(SUPPLIED RECORDS begins)

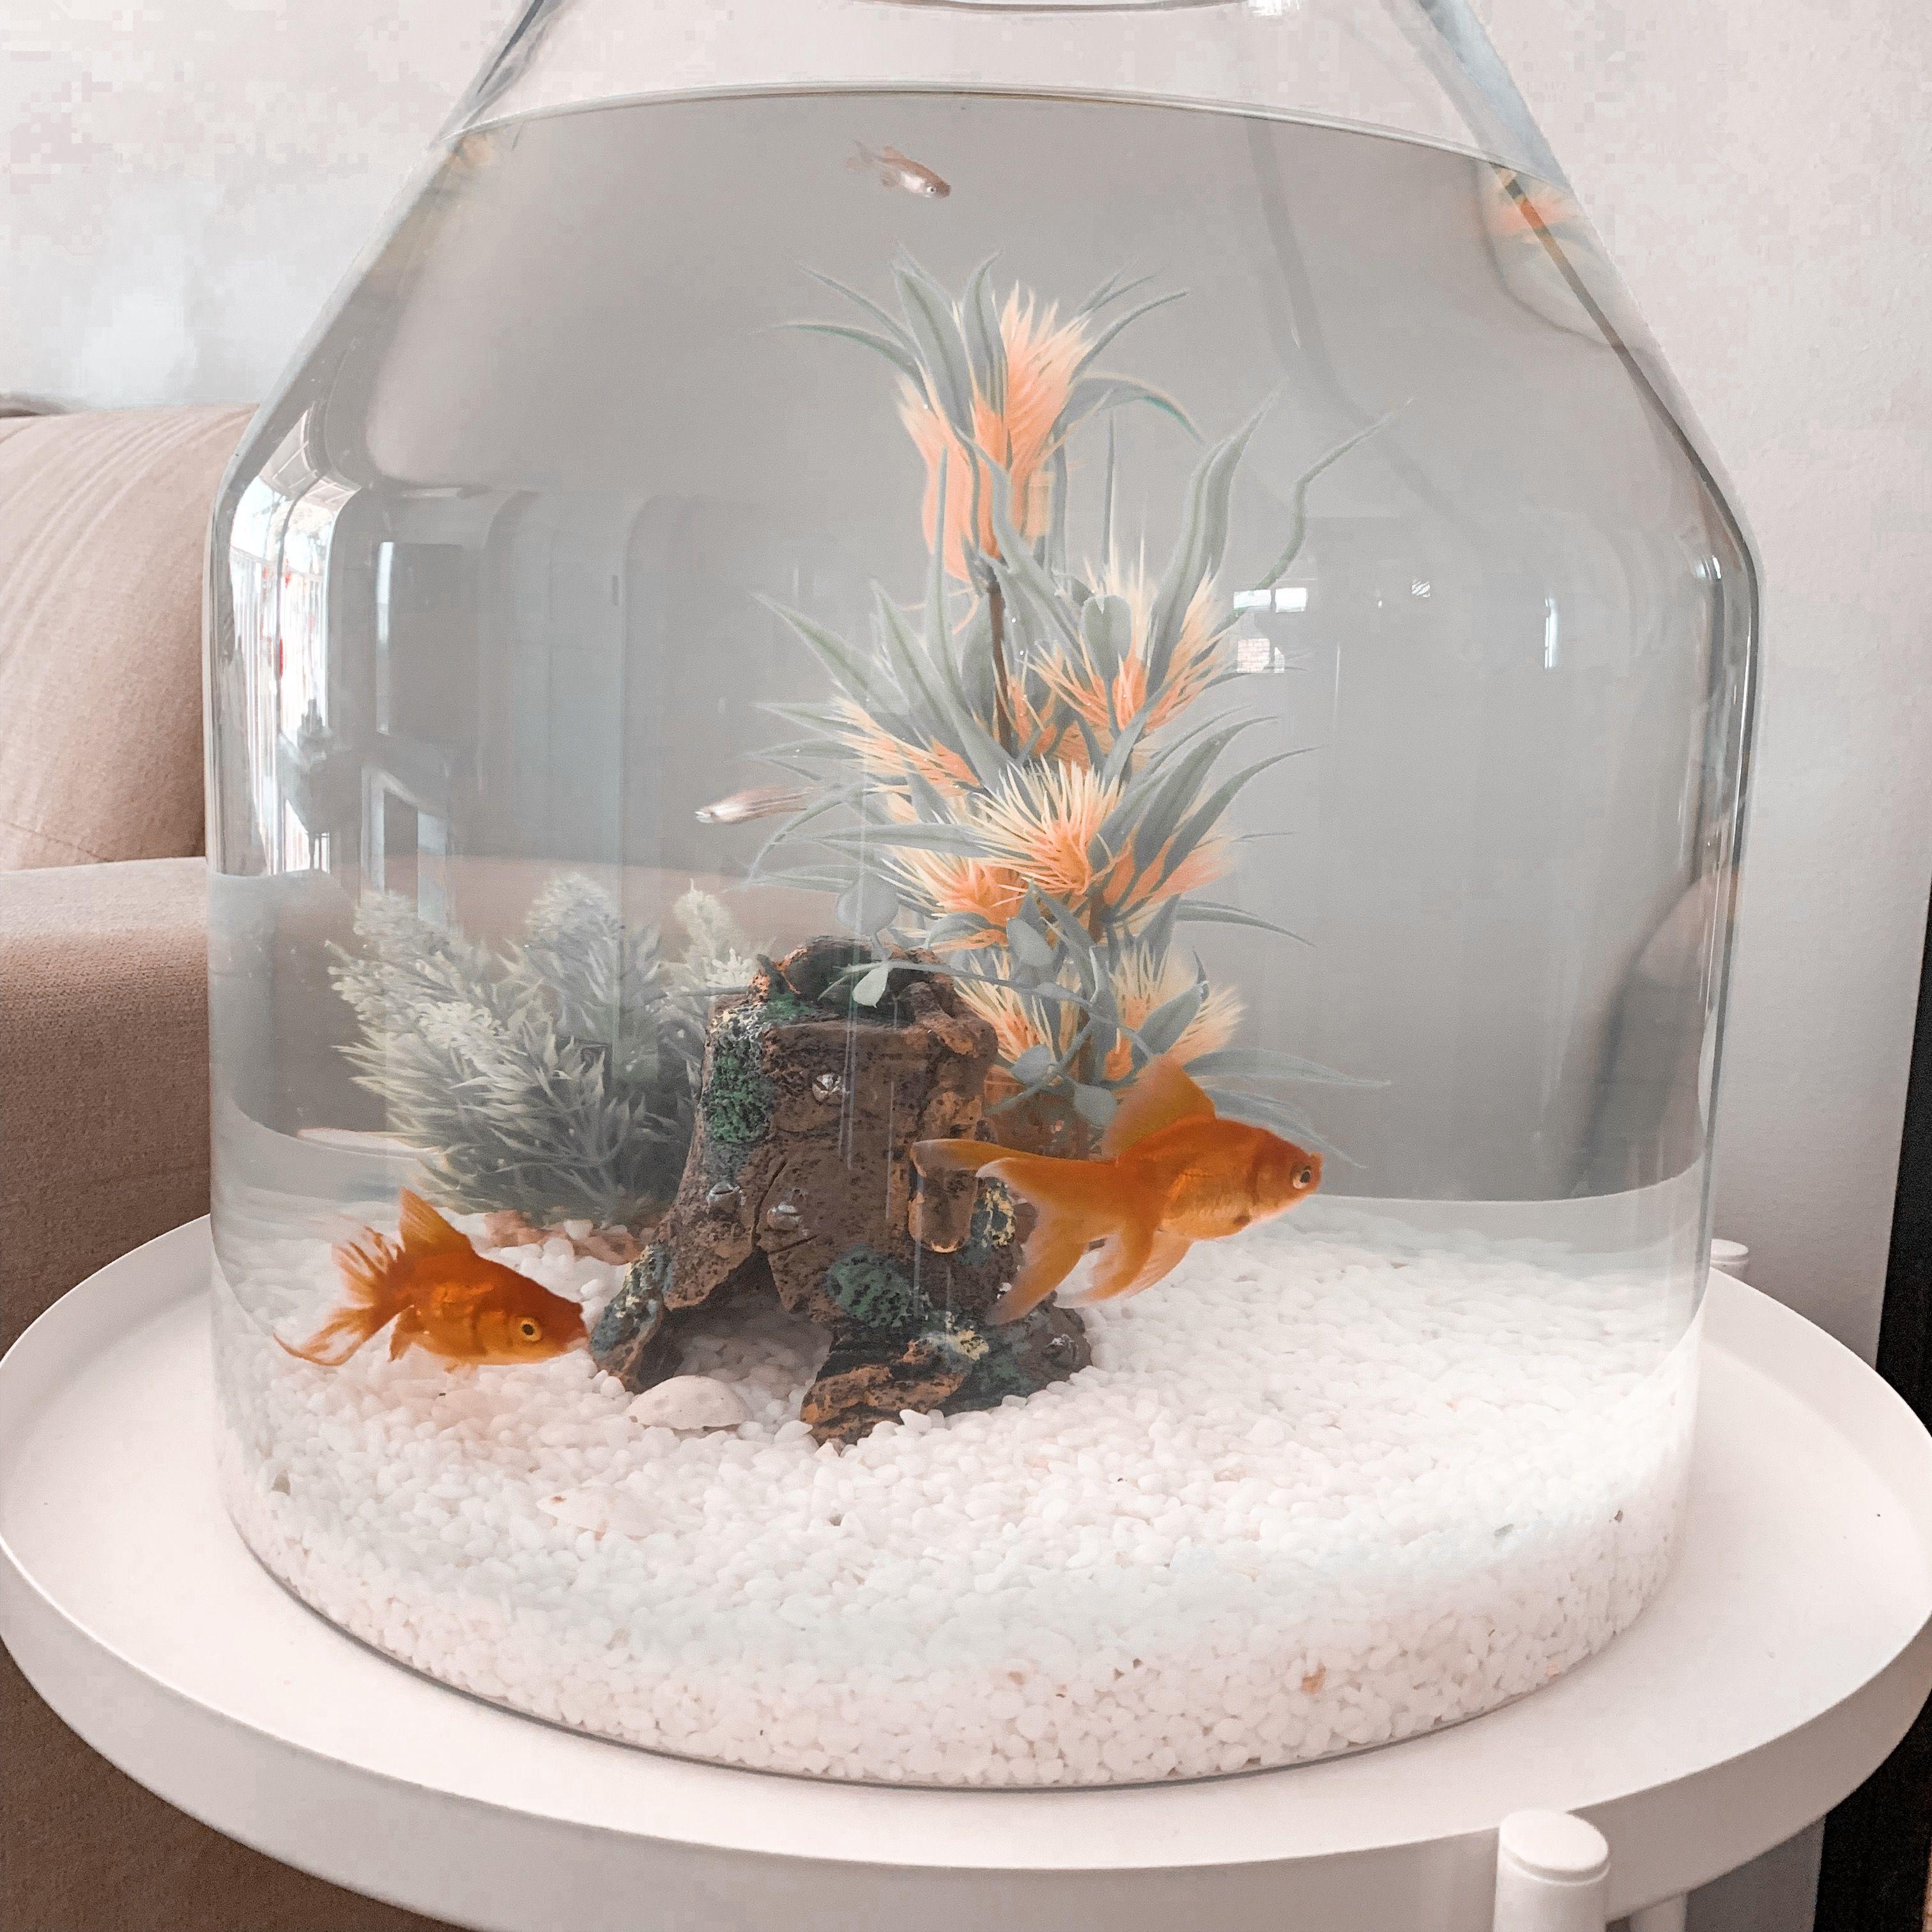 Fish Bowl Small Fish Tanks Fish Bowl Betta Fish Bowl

(SUPPLIED RECORDS ends)
(SUPPLIED RECORDS begins)

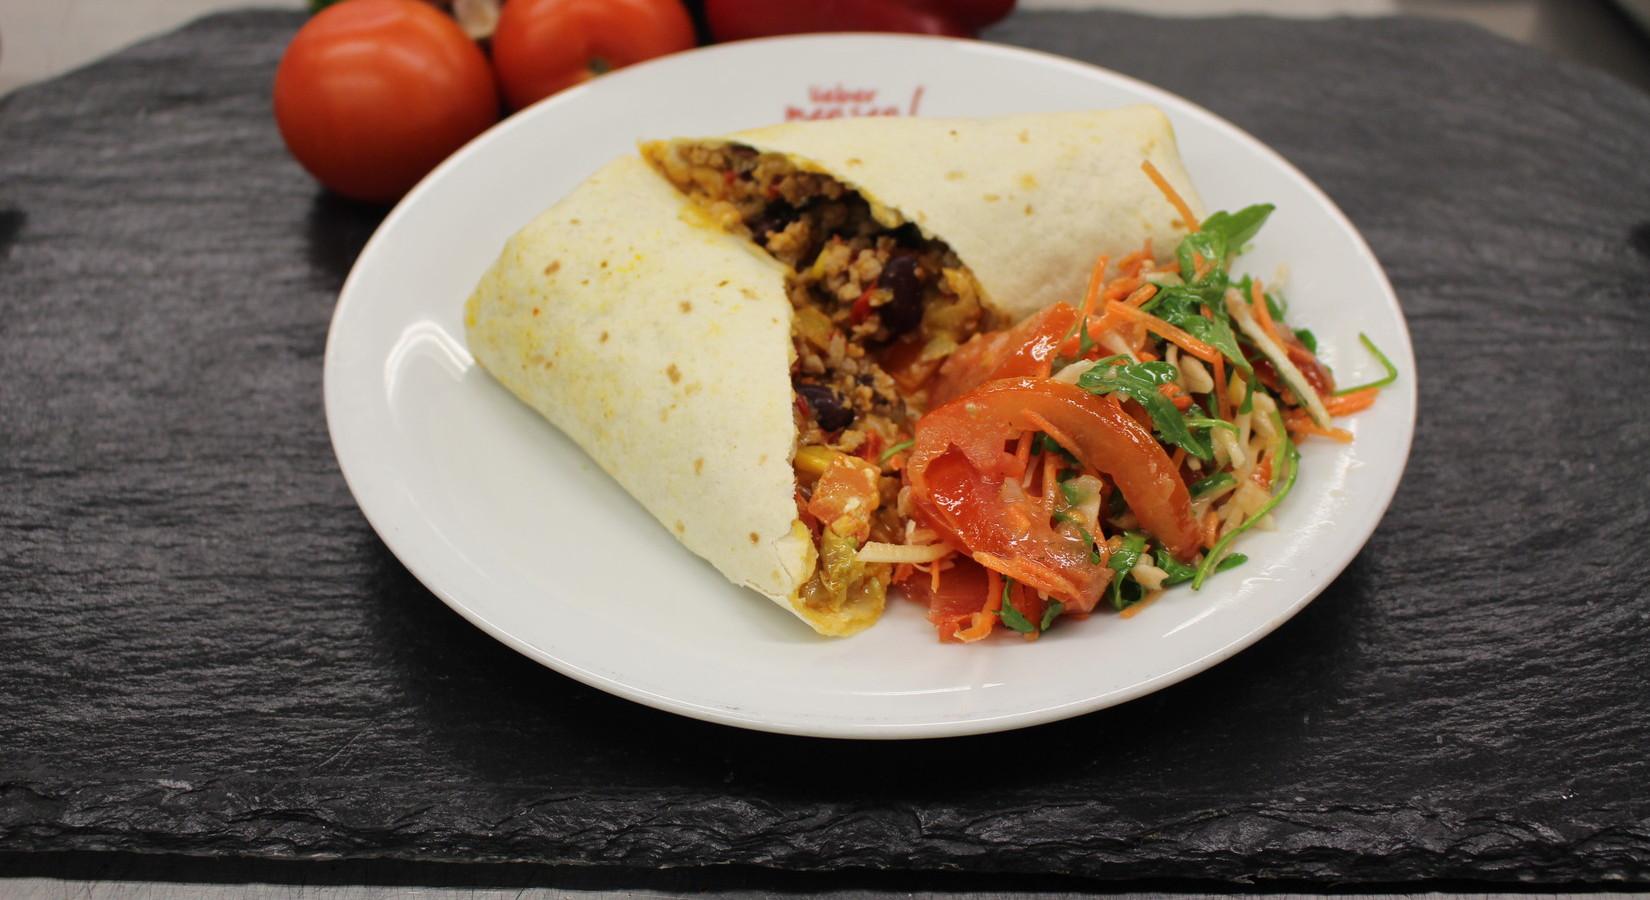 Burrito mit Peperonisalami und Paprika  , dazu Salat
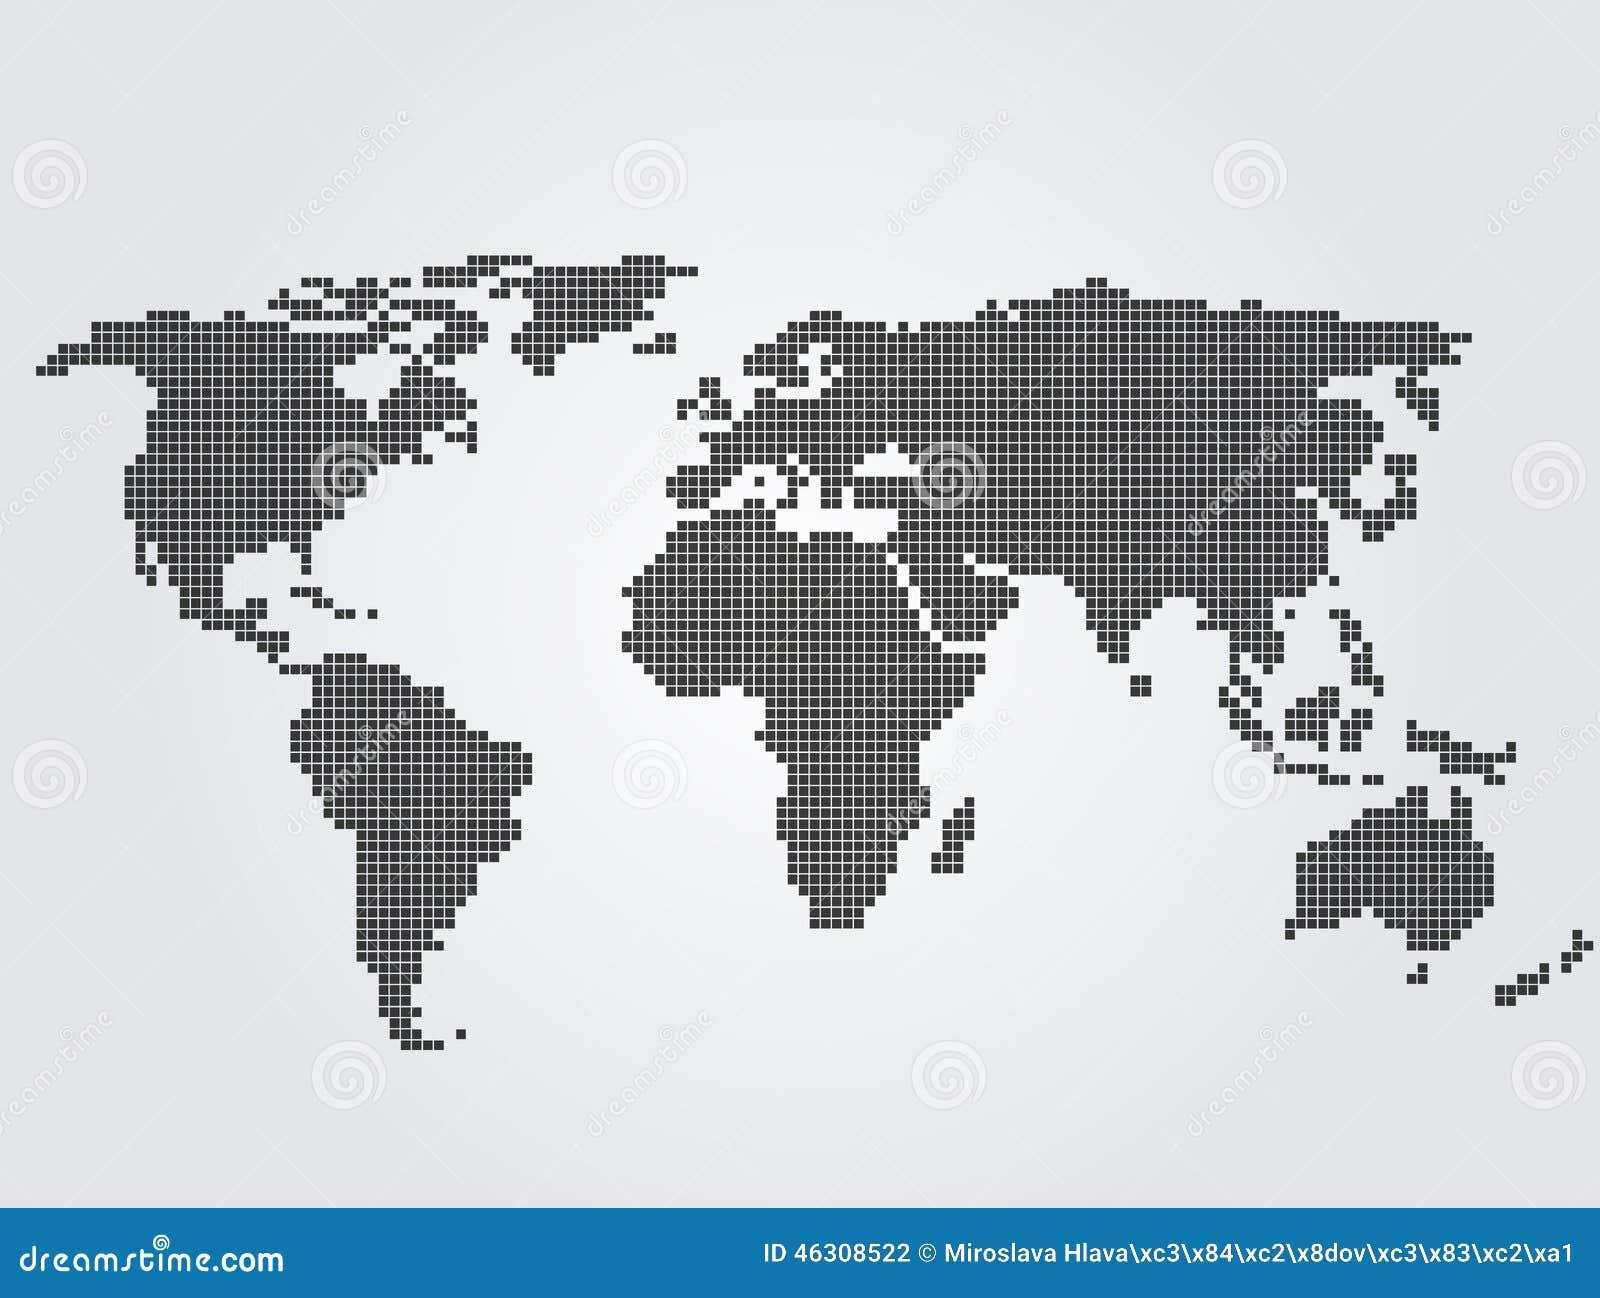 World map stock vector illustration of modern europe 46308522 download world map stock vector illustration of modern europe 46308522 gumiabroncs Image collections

(SUPPLIED RECORDS ends)
(SUPPLIED RECORDS begins)

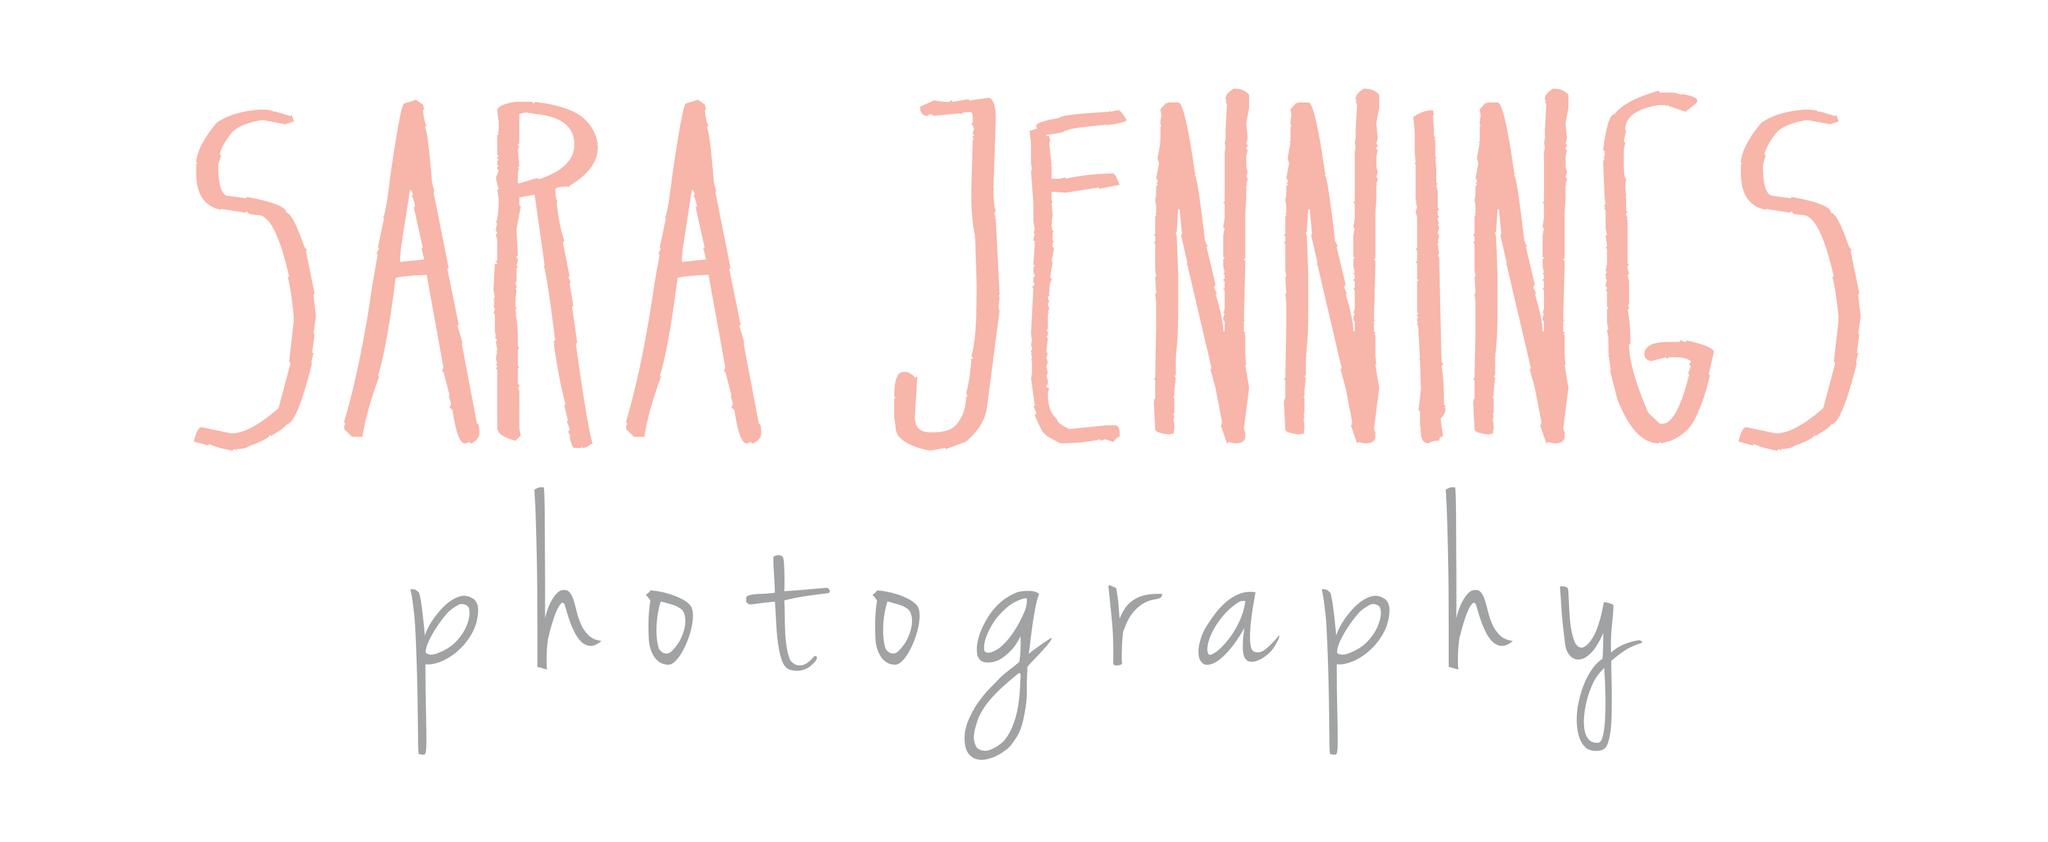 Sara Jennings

(SUPPLIED RECORDS ends)

Every line above from the one with "Burrito mit Peperonisalami" down to the one with "gumiabroncs Image collections" must be written out exactly, and no picture may appear.

**WRITTEN SOLUTION**
 Burrito mit Peperonisalami und Paprika  , dazu Salat
 World map stock vector illustration of modern europe 46308522 download world map stock vector illustration of modern europe 46308522 gumiabroncs Image collections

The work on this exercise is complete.